Redis latency spikes and the Linux kernel: a few m
Today I was testing Redis latency using m3.medium EC2 instances. I was able to replicate the usual latency spikes during BGSAVE, when the process forks, and the child starts saving the dataset on disk. However something was not as expected
Today I was testing Redis latency using m3.medium EC2 instances. I was able to replicate the usual latency spikes during BGSAVE, when the process forks, and the child starts saving the dataset on disk. However something was not as expected. The spike did not happened because of disk I/O, nor during the fork() call itself.The test was performed with a 1GB of data in memory, with 150k writes per second originating from a different EC2 instance, targeting 5 million keys (evenly distributed). The pipeline was set to 4 commands. This translates to the following command line of redis-benchmark:
./redis-benchmark -P 4 -t set -r 5000000 -n 1000000000
Every time BGSAVE was triggered, I could see ~300 milliseconds latency spikes of unknown origin, since fork was taking 6 milliseconds. Fortunately Redis has a software watchdog feature, that is able to produce a stack trace of the process during a latency event. It’s quite a simple trick but works great: we setup a SIGALRM to be delivered by the kernel. Each time the serverCron() function is called, the scheduled signal is cleared, so actually Redis never receives it if the control returns fast enough to the Redis process. If instead there is a blocking condition, the signal is delivered by the kernel, and the signal handler prints the stack trace.
Instead of getting stack traces with the fork call, the process was always blocked near MOV* operations happening in the context of the parent process just after the fork. I started to develop the theory that Linux was “lazy forking” in some way, and the actual heavy stuff was happening later when memory was accessed and pages had to be copy-on-write-ed.
Next step was to read the fork() implementation of the Linux kernel. What the system call does is indeed to copy all the mapped regions (vm_area_struct structures). However a traditional implementation would also duplicate the PTEs at this point, and this was traditionally performed by copy_page_range(). However something changed… as an optimization years ago: now Linux does not just performs lazy page copying, as most modern kernels. The PTEs are also copied in a lazy way on faults. Here is the top comment of copy_range_range():
* Don't copy ptes where a page fault will fill them correctly.
* Fork becomes much lighter when there are big shared or private
* readonly mappings. The tradeoff is that copy_page_range is more
* efficient than faulting.
Basically as soon as the parent process performs an access in the shared regions with the child process, during the page fault Linux does the big amount of work skipped by fork, and this is why I could see always a MOV instruction in the stack trace.
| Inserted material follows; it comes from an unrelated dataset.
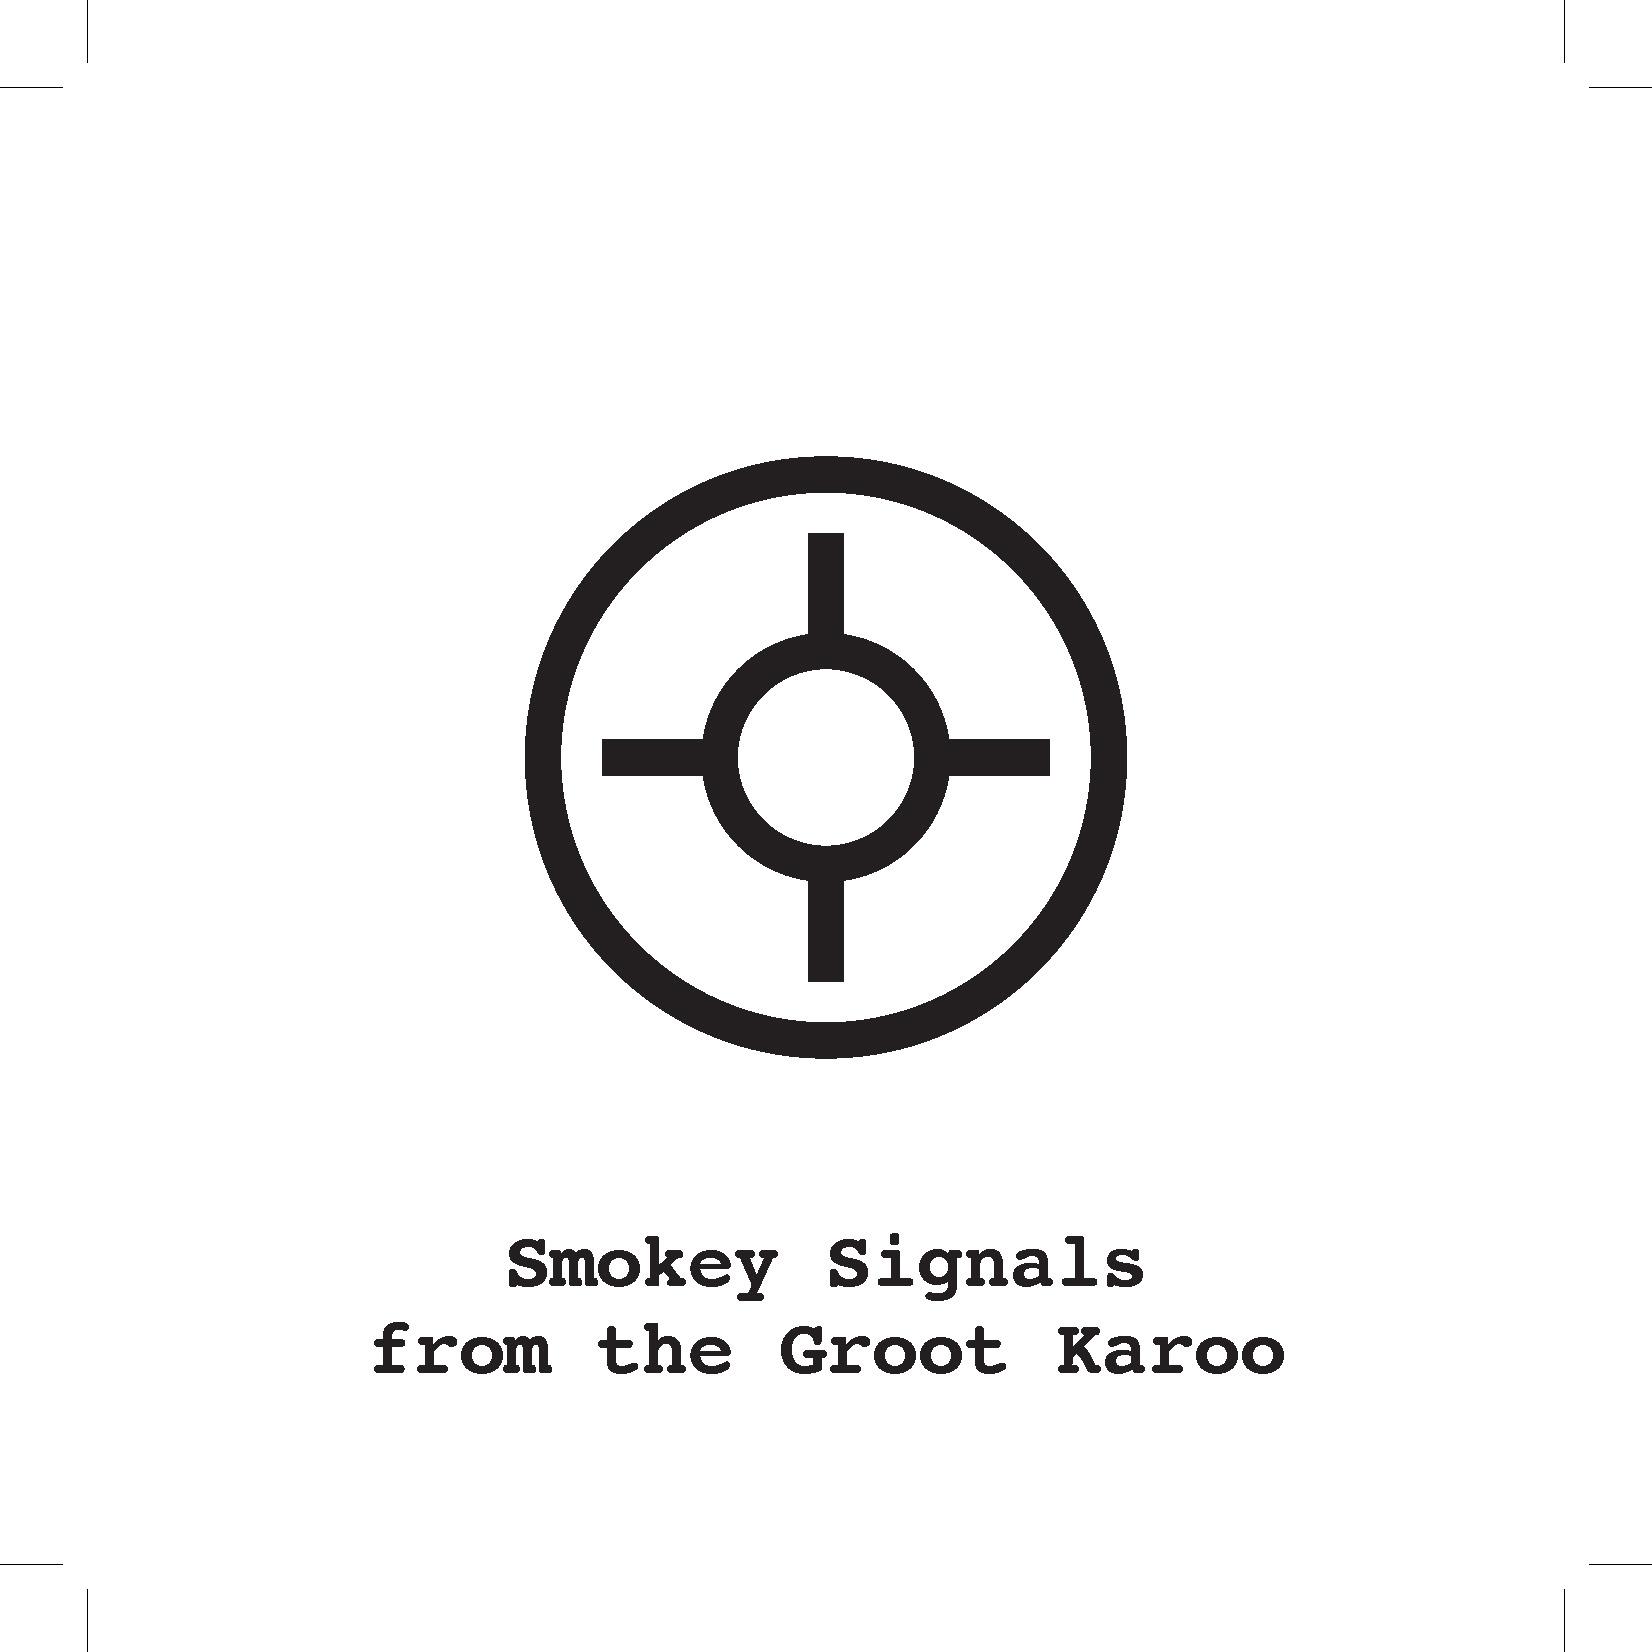 MAP Southafrica - Smokey Signals

While this behavior is not good for Redis, since to copy all the PTEs in a single operation is more efficient, it is much better for the traditional use case of fork() on POSIX systems, which is, fork()+exec*() in order to spawn a new process.
This issue is not EC2 specific, however virtualized instances are slower at copying PTEs, so the problem is less noticeable with physical servers.
However this is definitely not the full story. While I was testing this stuff in my Linux box, I remembered that using the libc malloc, instead of jemalloc, in certain conditions I was able to measure less latency spikes in the past. So I tried to check if there was some relation with that.
Indeed compiling with MALLOC=libc I was not able to measure any latency in the physical server, while with jemalloc I could observe the same behavior observed with the EC2 instance. To understand better the difference I setup a test with 15 million keys and a larger pipeline in order to stress more the system and make more likely that page faults of all the mmaped regions could happen in a very small interval of time. Then I repeated the same test with jemalloc and libc malloc:
bare metal, 675k/sec writes to 15 million keys, jemalloc: max spike 339 milliseconds.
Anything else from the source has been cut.